Arizona prison forced pregnant inmates into induced labor

Three pregnant inmates at the Perryville prison in Goodyear, Arizona, were forced into induced labor according to a recent investigation by the Arizona Republic. Medical records from the prison and interviews with the women indicate that all three were given medical procedures to induce labor before their due dates. 

A state prison in Arizona [AP Photo/No Author]

Stephanie Pearson and Desiree Romero were both induced at 39 weeks in 2022 and Jocelyn Heffner was induced at 37 weeks on two separate occasions in 2020 and 2022 during separate sentences. 

All three women claim that they were told that it was a departmental procedure for the Arizona Department of Corrections to induce all pregnant women and that they were given no other explanation for why they were being induced into labor. 

Arizona’s prison health care contractor NaphCare denied having a policy of induced labor and the Arizona Department of Corrections (ADC) has refused to comment on the alleged policy upon inquiries by the Arizona Republic. However, the ADC’s Medical Service Technical Manual does not make any mention of induced labor policies in its “Counseling and Care of the Pregnant Inmate.” 

Romero said that she was repeatedly told by the ADC’s medical provider that it is an established policy to induce all pregnant women one week before their due date. 
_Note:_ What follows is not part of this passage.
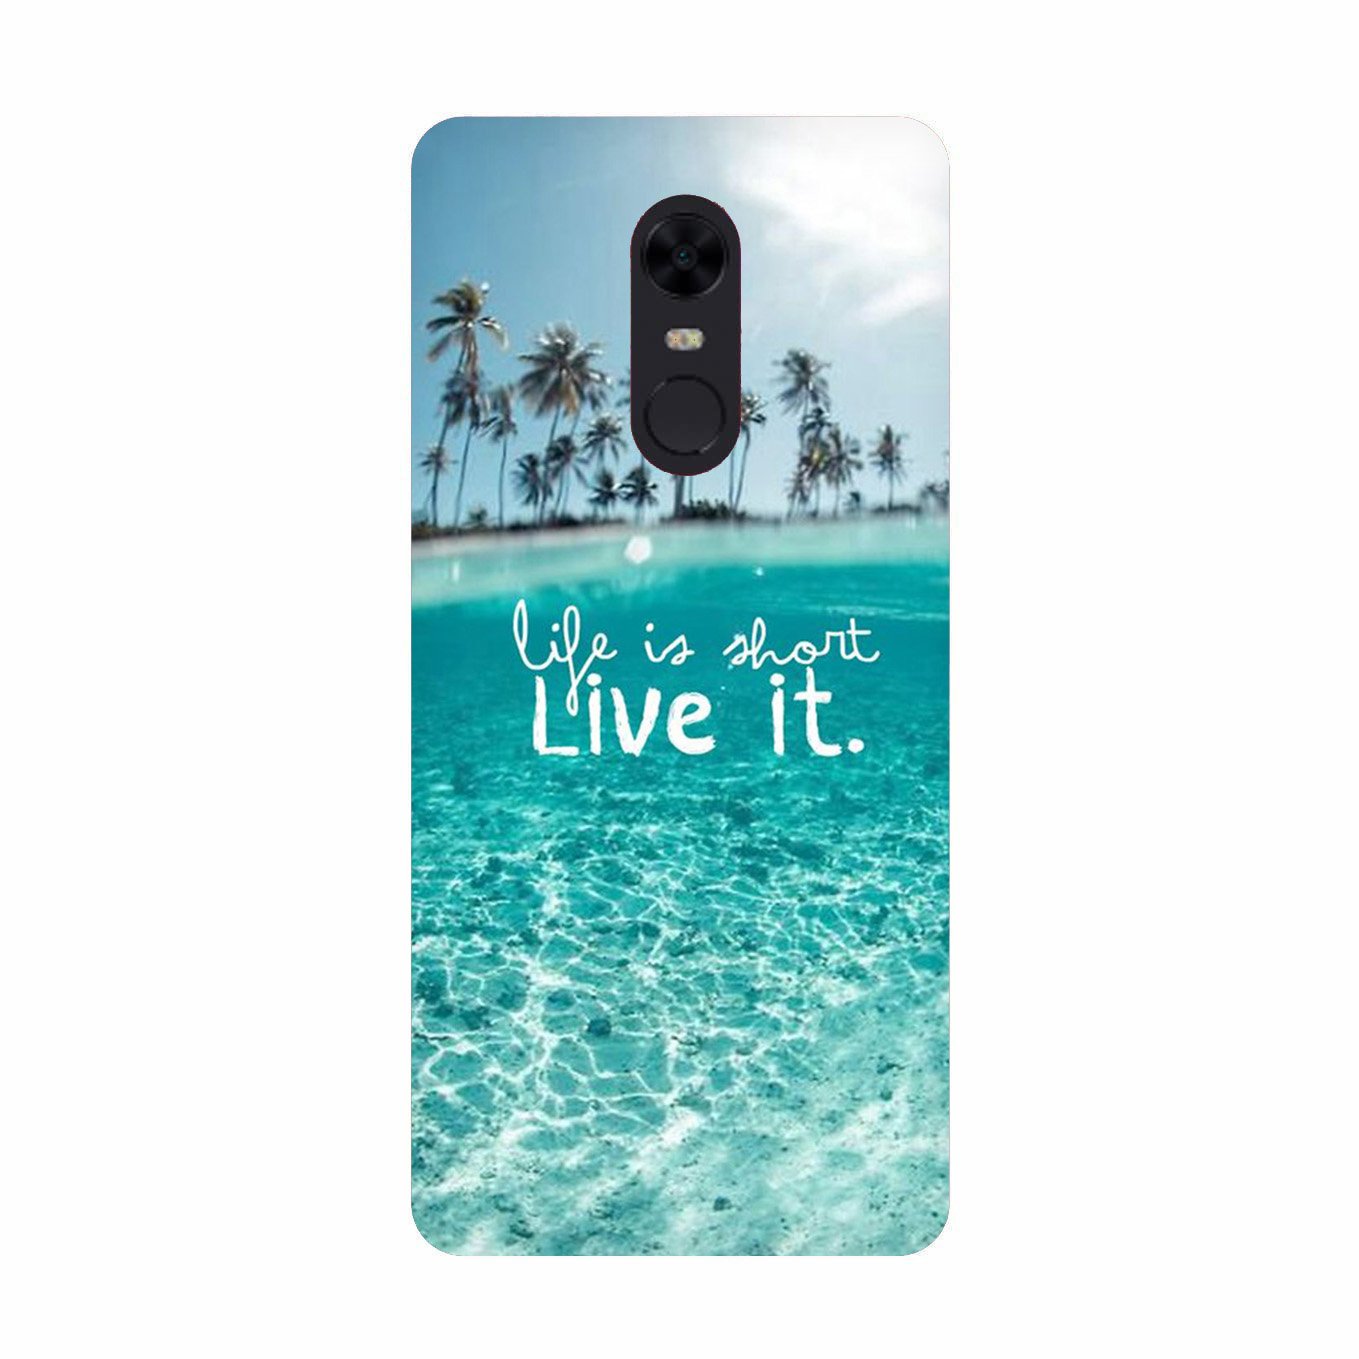 Life is short live it Case for Redmi Note 5

All women said that they were given no choice in the matter and that they believe the prison induced their labor to avoid liabilities from births inside the prison. 
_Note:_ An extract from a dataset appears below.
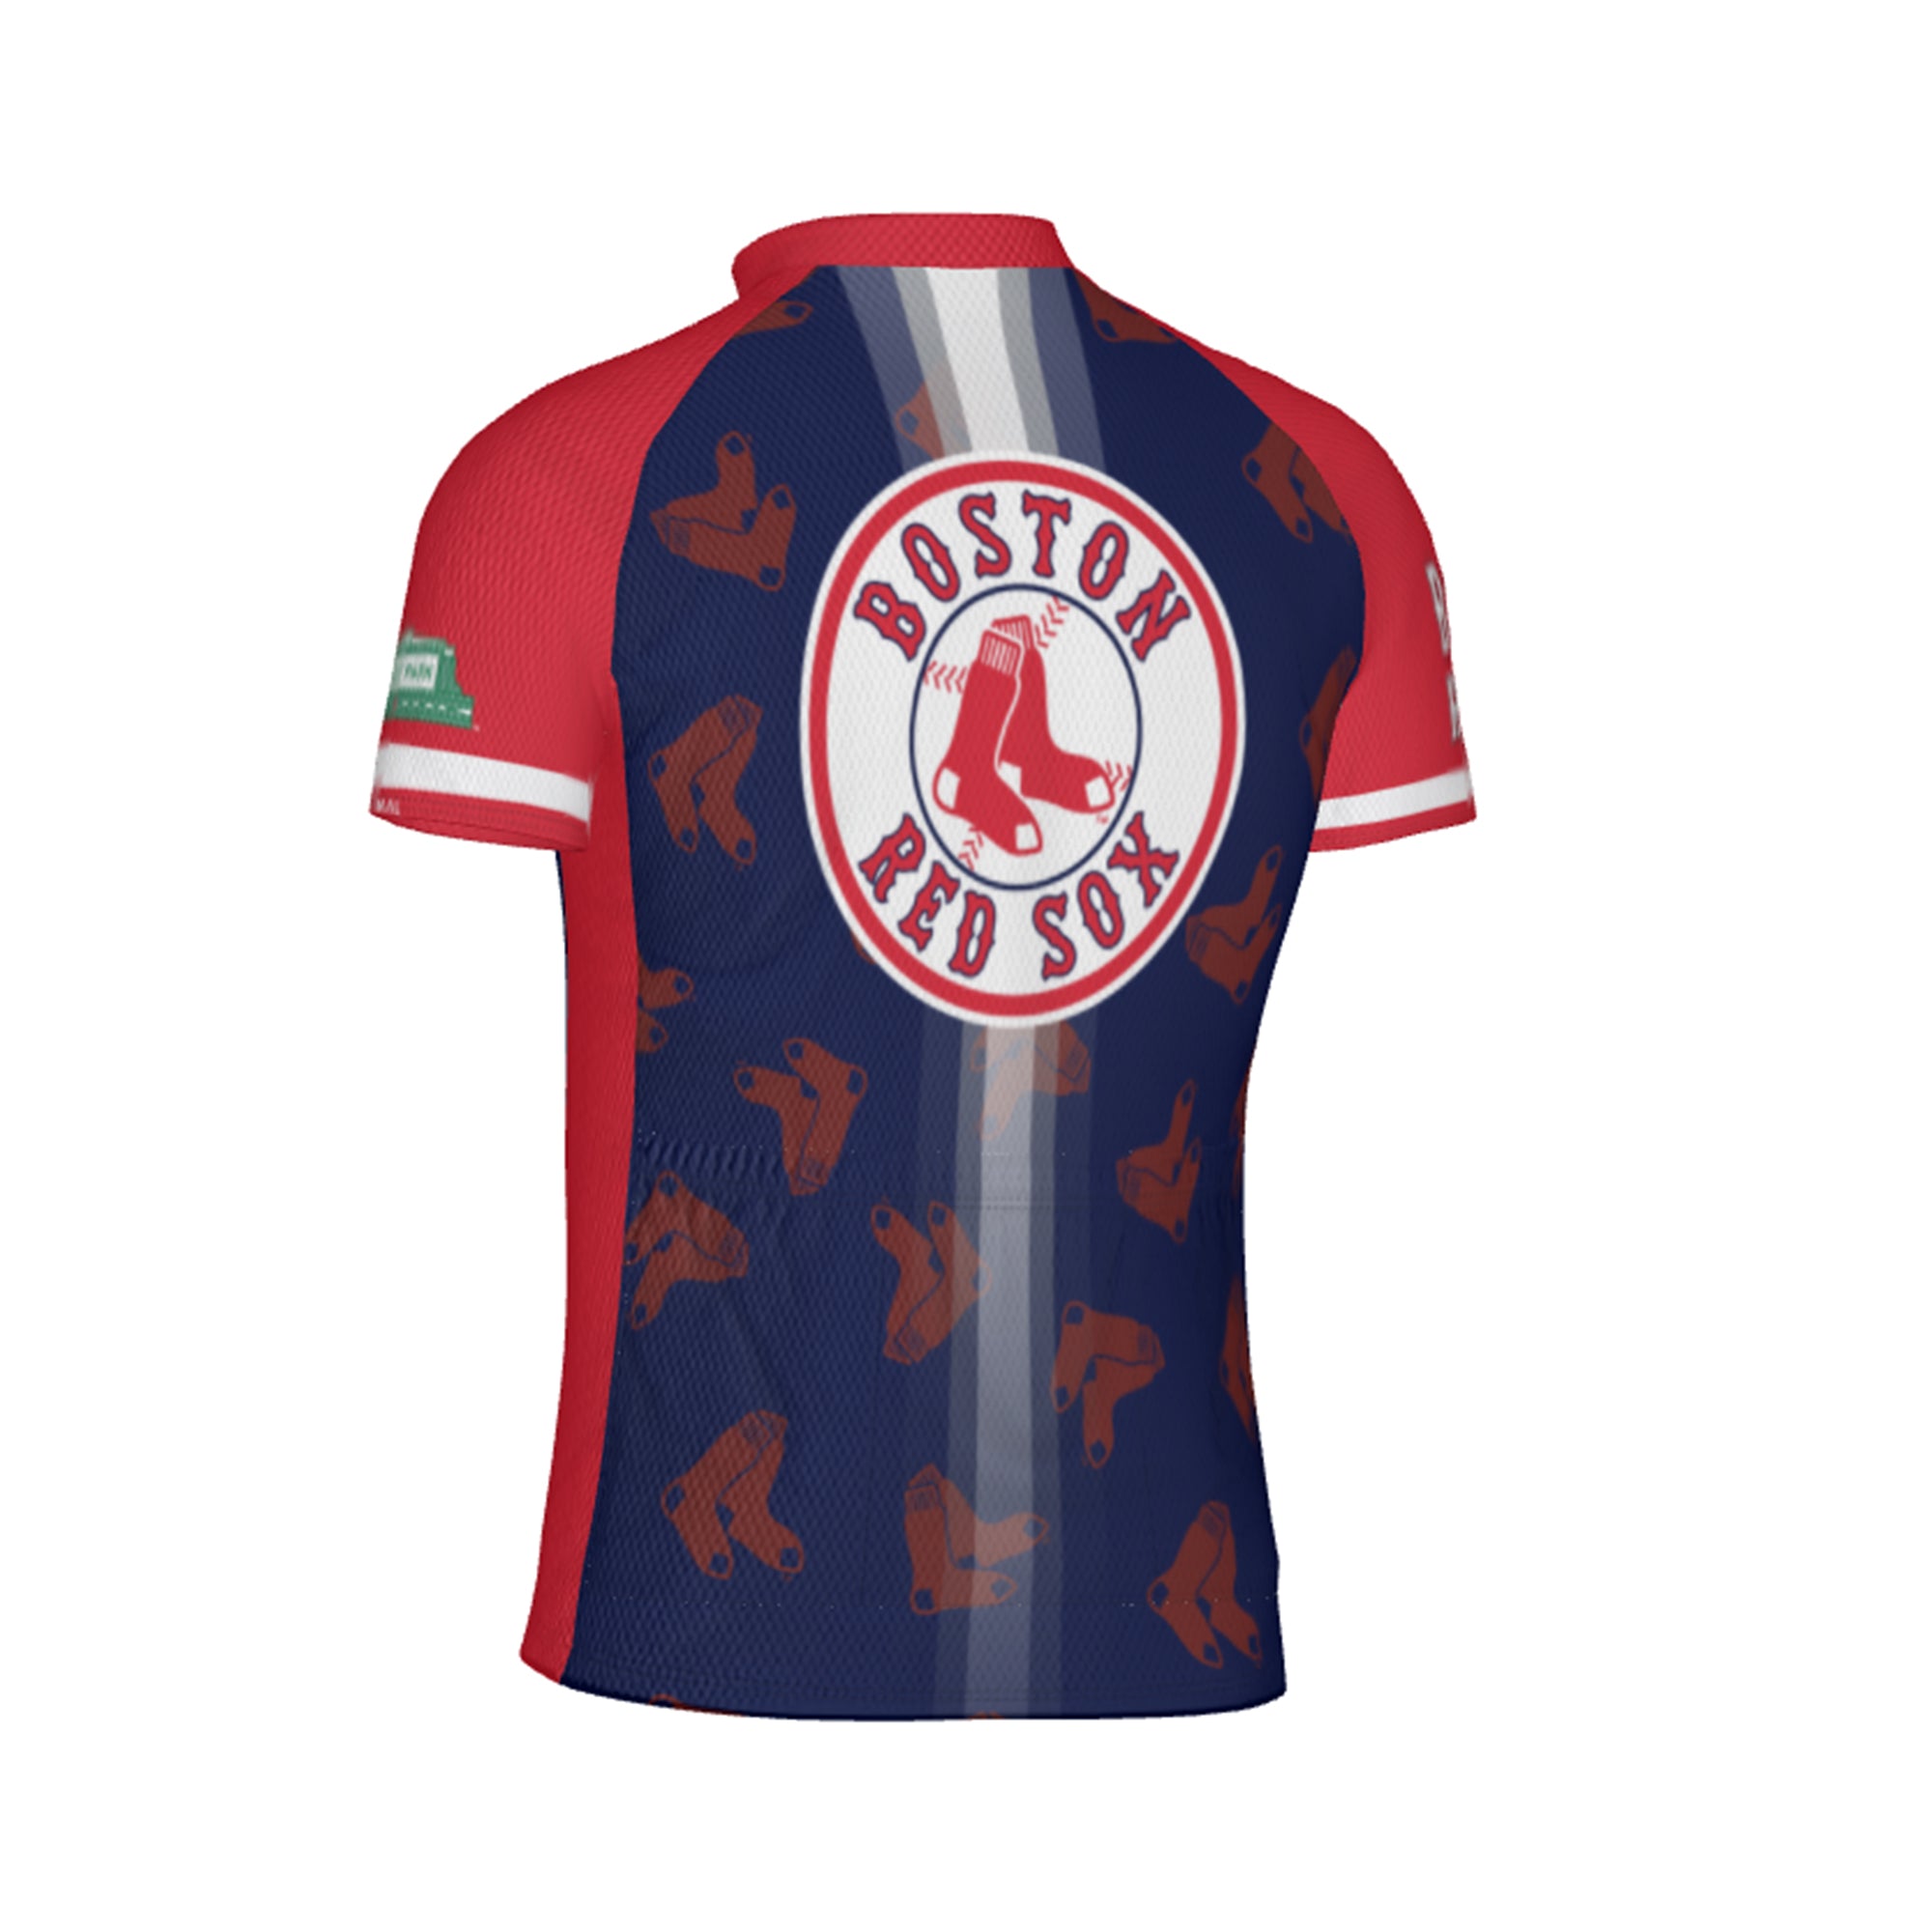 Boston Red Sox: Uniforms, PMell2293

Attorneys from the American Civil Liberties Union (ACLU) documented a case at Perryville in 2019 where a mentally ill inmate gave birth to a child in the toilet of her cell. Their report detailed that the inmate was sent to a hospital after her water broke only to be returned to the prison before giving birth for a reason that remains unexplained. 

The report on the Perryville prison also notes extensive mistreatment of pregnant women. In one instance a woman was shackled, against state law, while in transit to a hospital. It also documented a lack of proper nutrition and hygiene products for pregnant women, improper postpartum medical treatment, and at least one miscarriage potentially caused by improper treatment by prison staff. 

“They induce us all now so that we don't go into labor in prison,” Romero said, according to the Arizona Republic. “I'm quite used to the prison making all these decisions for us because we are still state property.”

“I felt like I was viewed as a liability and walking around a prison yard nine months pregnant didn't comfort this state institution,” added Heffner, who said she had challenged the decision to induce her labor but was denied twice.  “Most ladies get induced here, I've caught on to,” she said. 

Pearson noted that she was never informed of the risks that might be involved with the procedure, which can be significant if done without the full consent of the mother and if it is done before 39 weeks of pregnancy.

“Just because I made some bad choices in my life,” she said, “they [the prison] shouldn't be allowed to make bad health choices for me and my baby.”

The decision of the prison to force the women into labor reportedly resulted in the inmates suffering through labor for an extended period of time. Person said her labor lasted for three days while Romero’s lasted for two. 

“It makes your body do something it's not ready for, and the baby isn't ready for. It stresses the baby and the mother out,” said Pearson. “It’s a lot more active labor, which means a lot more contractions, and harder contractions. After the birth, I was in so much more pain than my other ones, and it took a lot longer for my body to heal.” 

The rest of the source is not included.